Barriers to education
Primary education is free and compulsory in BiH. The BiH Action Plan envisages the training of teaching staff working with Roma – including on Romani traditions, culture, language and customs – and the development of a manual for teaching staff to include examples of "good practice" in the integration of Romani children. However, these aspects of the Plan remain mostly unimplemented, with the exception of some training carried out by local authorities in the Tuzla Canton, and workshops and working groups aimed at reducing negative stereotyping of Roma for teachers from some RS schools.(98)
In addition, elements of the international community have mostly prioritized post-war stabilization and reconstruction assistance – including educational reform – for the three constituent peoples of BiH (Bosniaks, Croats and Serbs). The lack of suitably trained teachers and the lower priority given to minority educational support for Roma has reduced the availability of education for children from Romani communities.

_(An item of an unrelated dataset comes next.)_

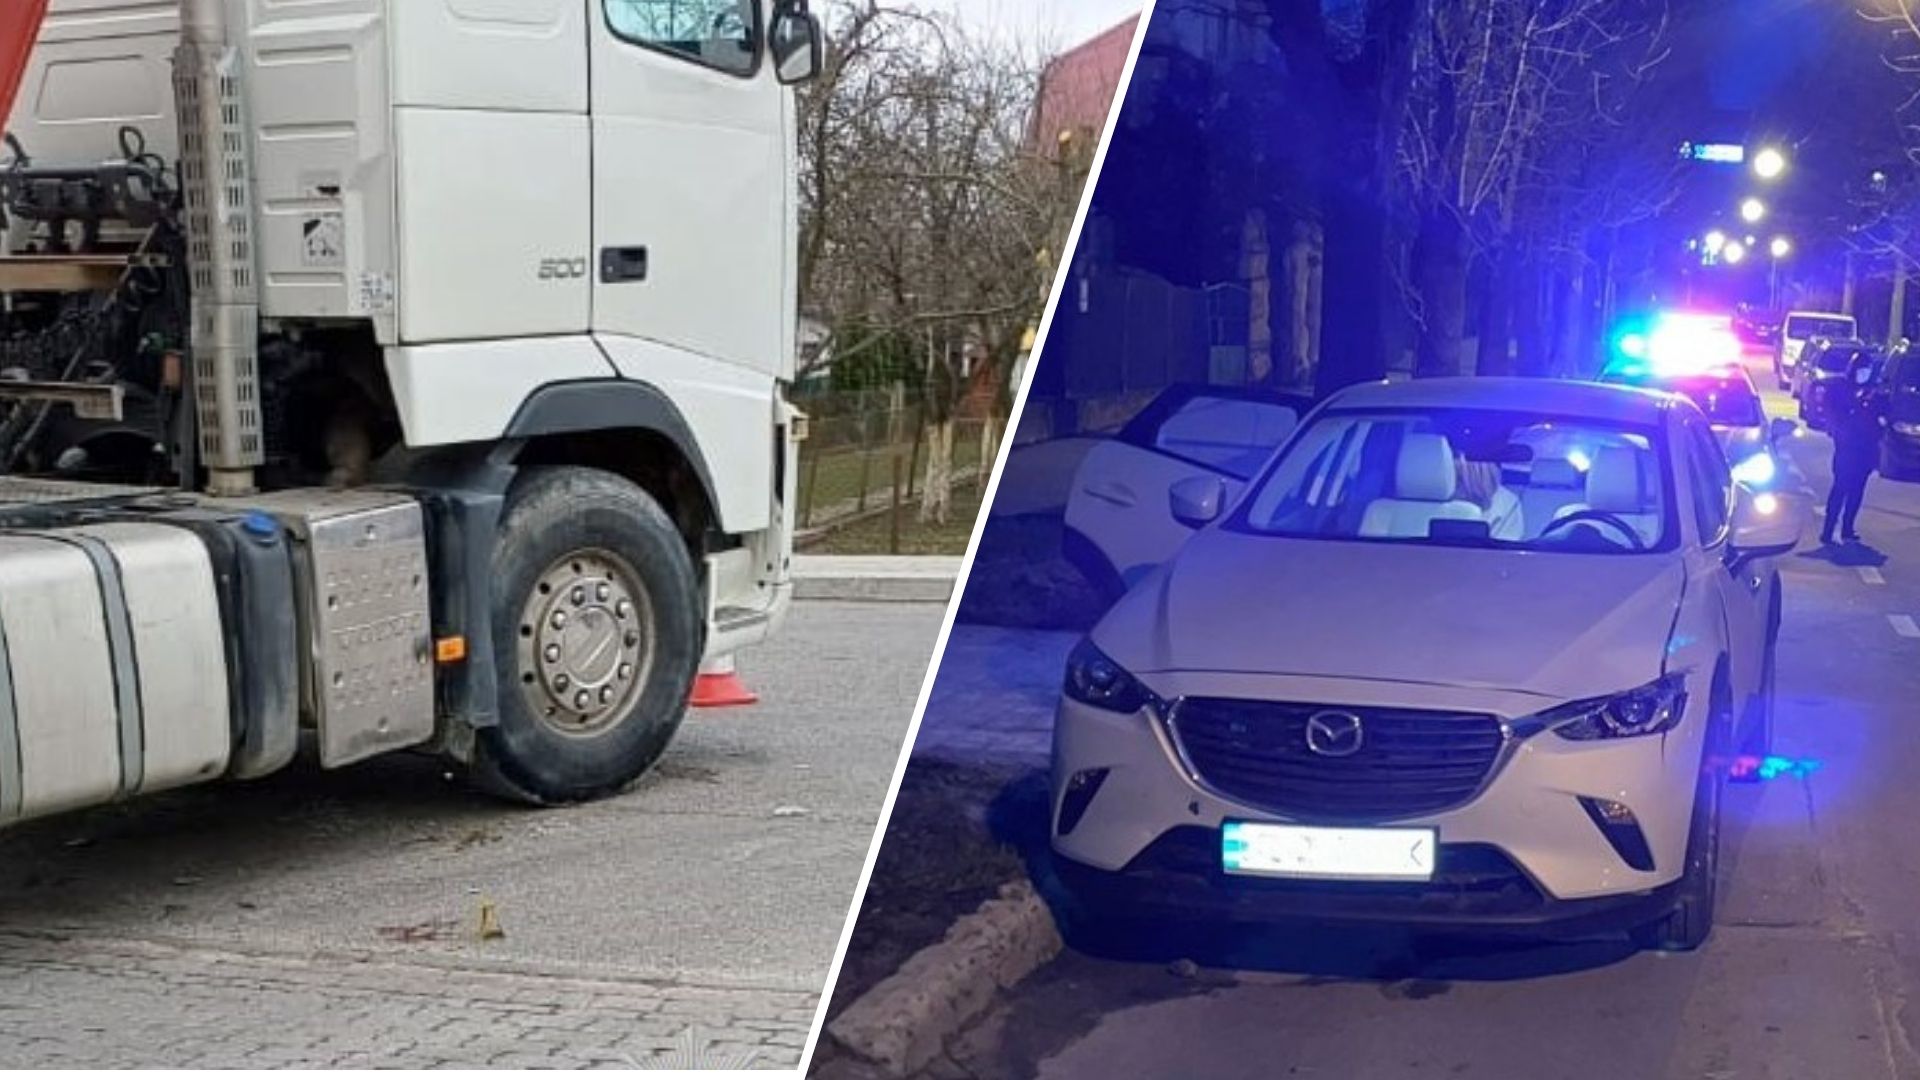 Az elmúlt nap folyamán három gyalogos sérült meg a Lvivi területen. A rendőrség megállapítja az incidensek körülményeit, és ismételten felszólítja a gyalogosokat a közlekedési szabályok betartására.
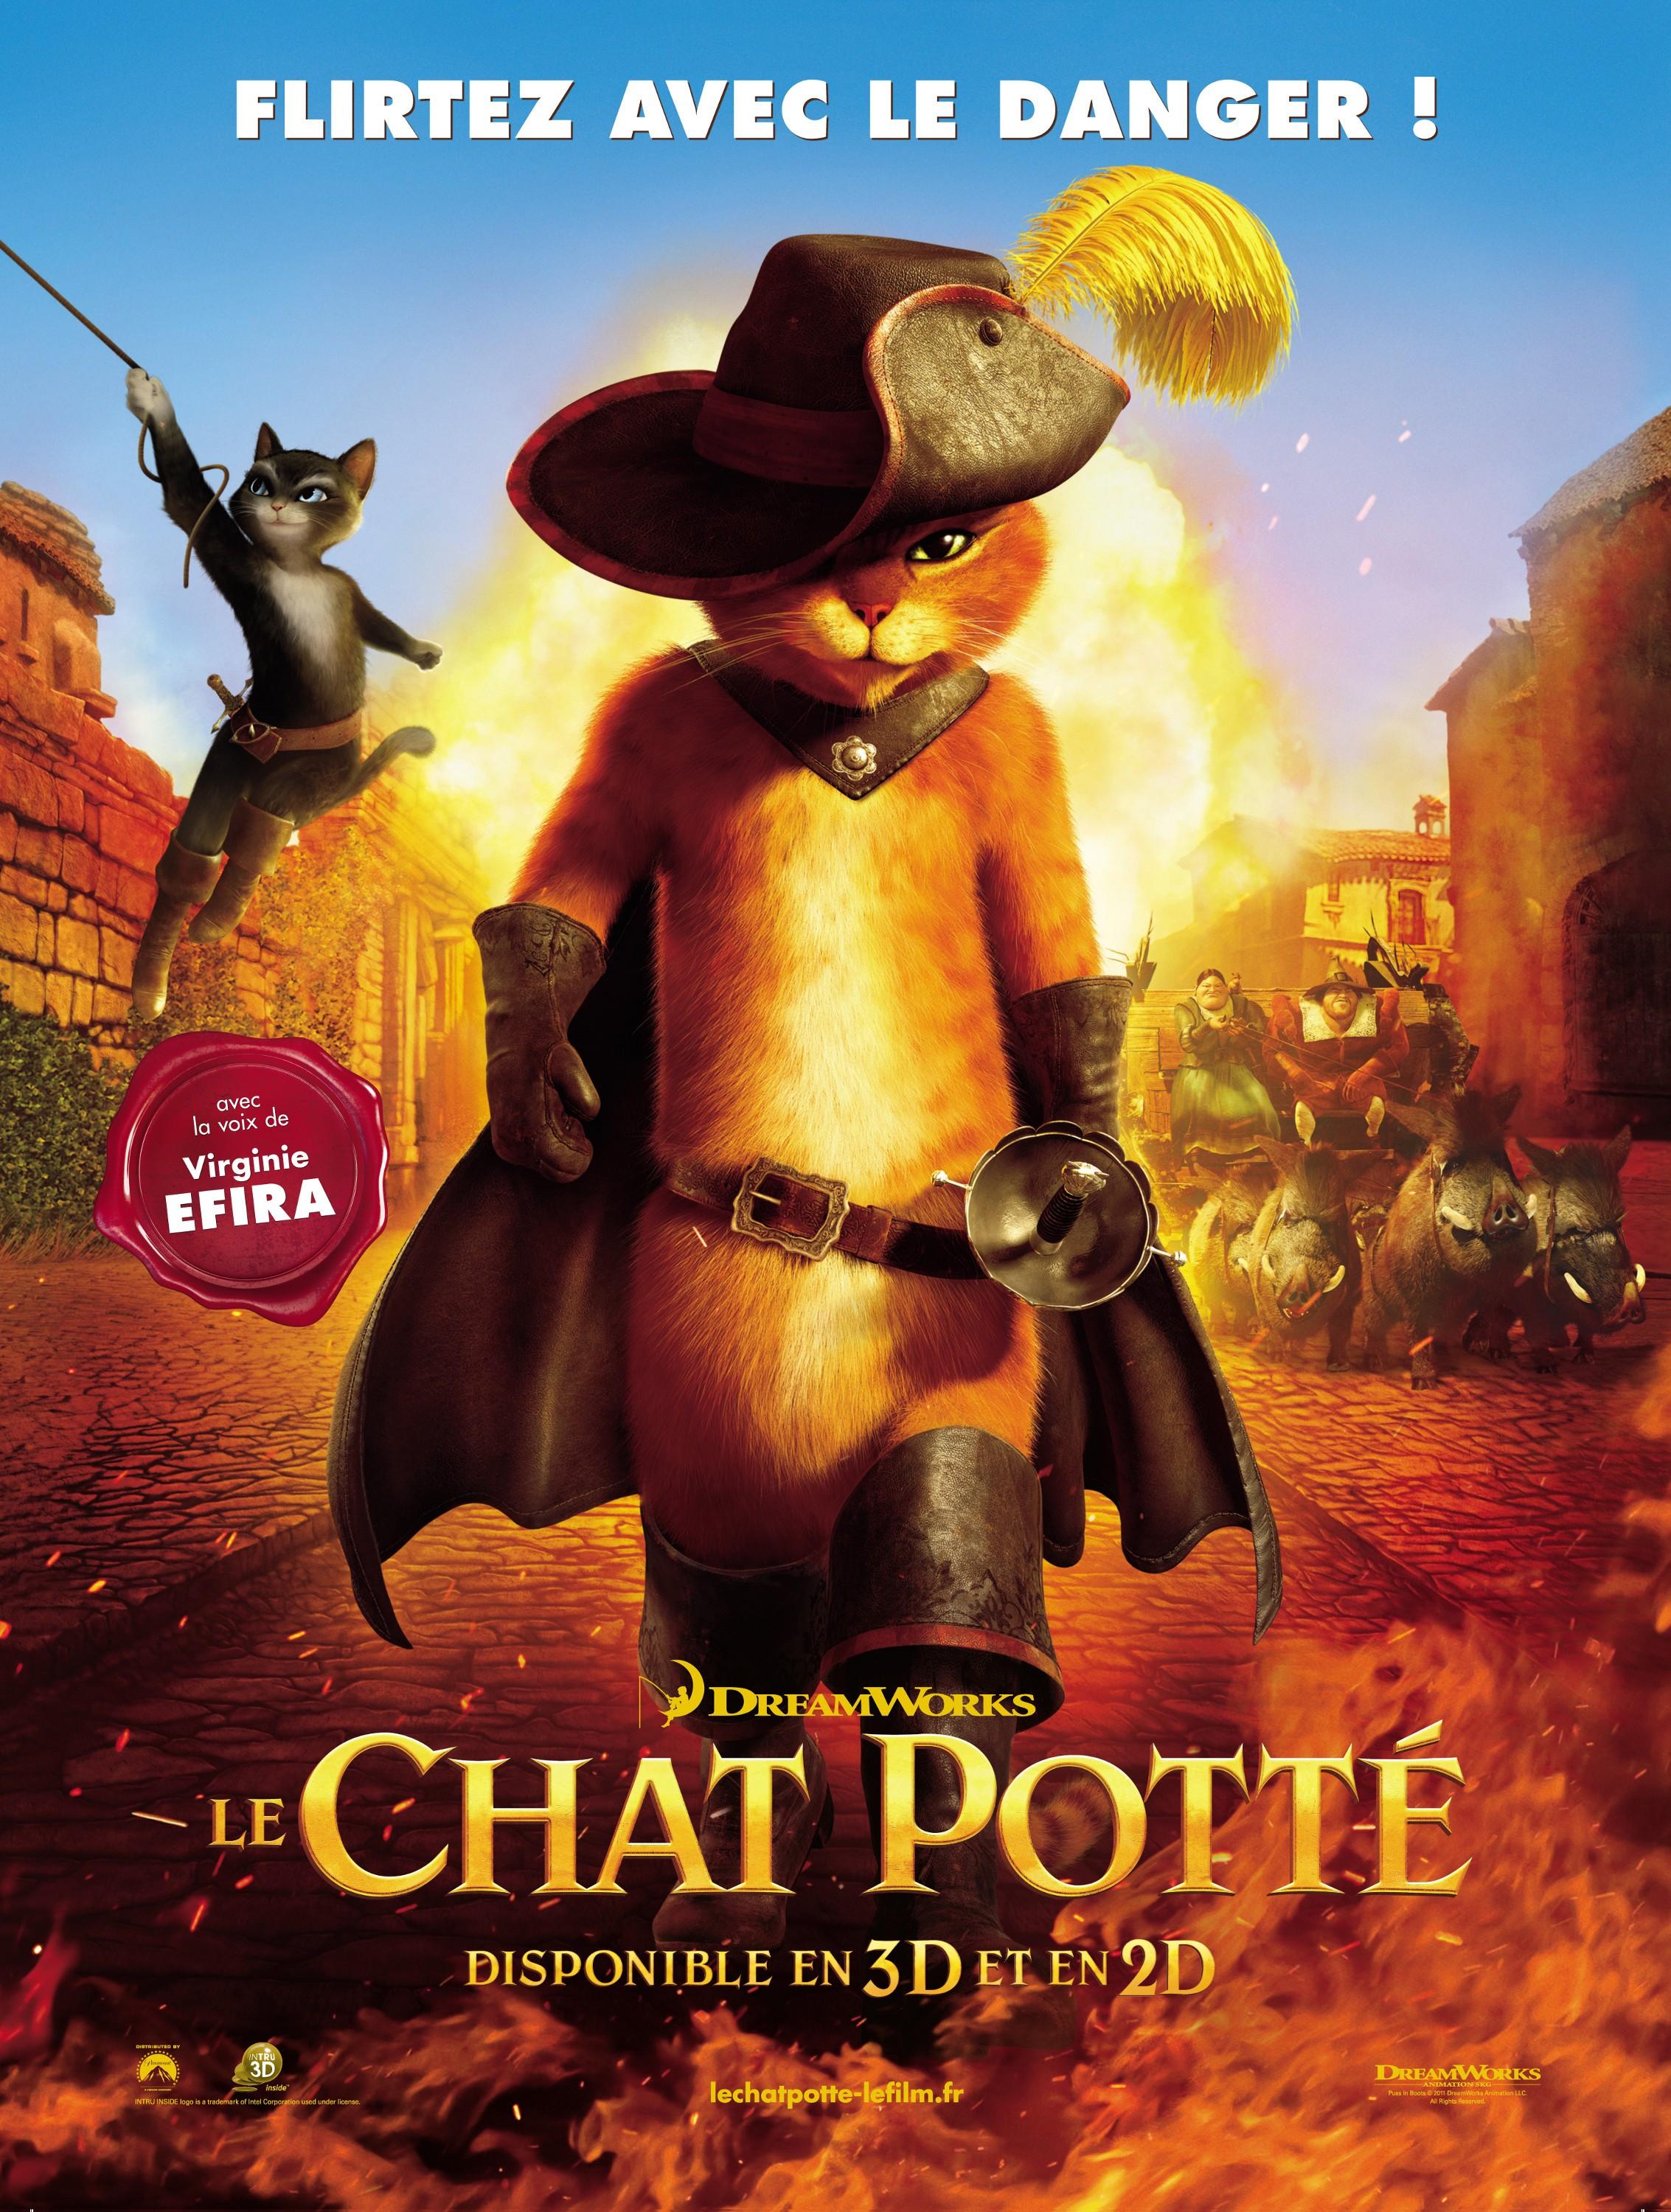 Постер фильма Кот в сапогах | Puss in Boots

The poor socio-economic situation of Roma in BiH is linked to many of the difficulties they face in accessing education, as is recognized in the BiH Action Plan.(99) Almost invariably, members of Romani communities, Romani activists and teachers working with Romani children told Amnesty International that extreme poverty was one of the main factors in poor school attendance.
Lack of adequate clothing is often cited as a reason for non-attendance. In some cases, school attendance declines during the cold months because families of Romani children cannot afford clothing and because of the difficulties in travelling from distant settlements.(100) Teachers interviewed by Amnesty International said that the need to provide meals to Romani children in schools was a priority, including because hunger prevents them from fully benefiting from education.(101) A teacher in a school in Tuzla noted: "Children do not come to school because they do not have clothes or a sandwich to bring to school".(102) A child attending the school told Amnesty International that at home he shares a small room with six other people. Overcrowding in sub-standard settlements prevents or hampers full access to education, because of the difficulties of doing homework or studying at home. In some cases, Romani children have to take on casual jobs or otherwise contribute to the economic survival of the family. Girls especially may not be able to attend school because they are given the responsibility of caring for younger brothers and sisters or helping with tasks in the home.(103)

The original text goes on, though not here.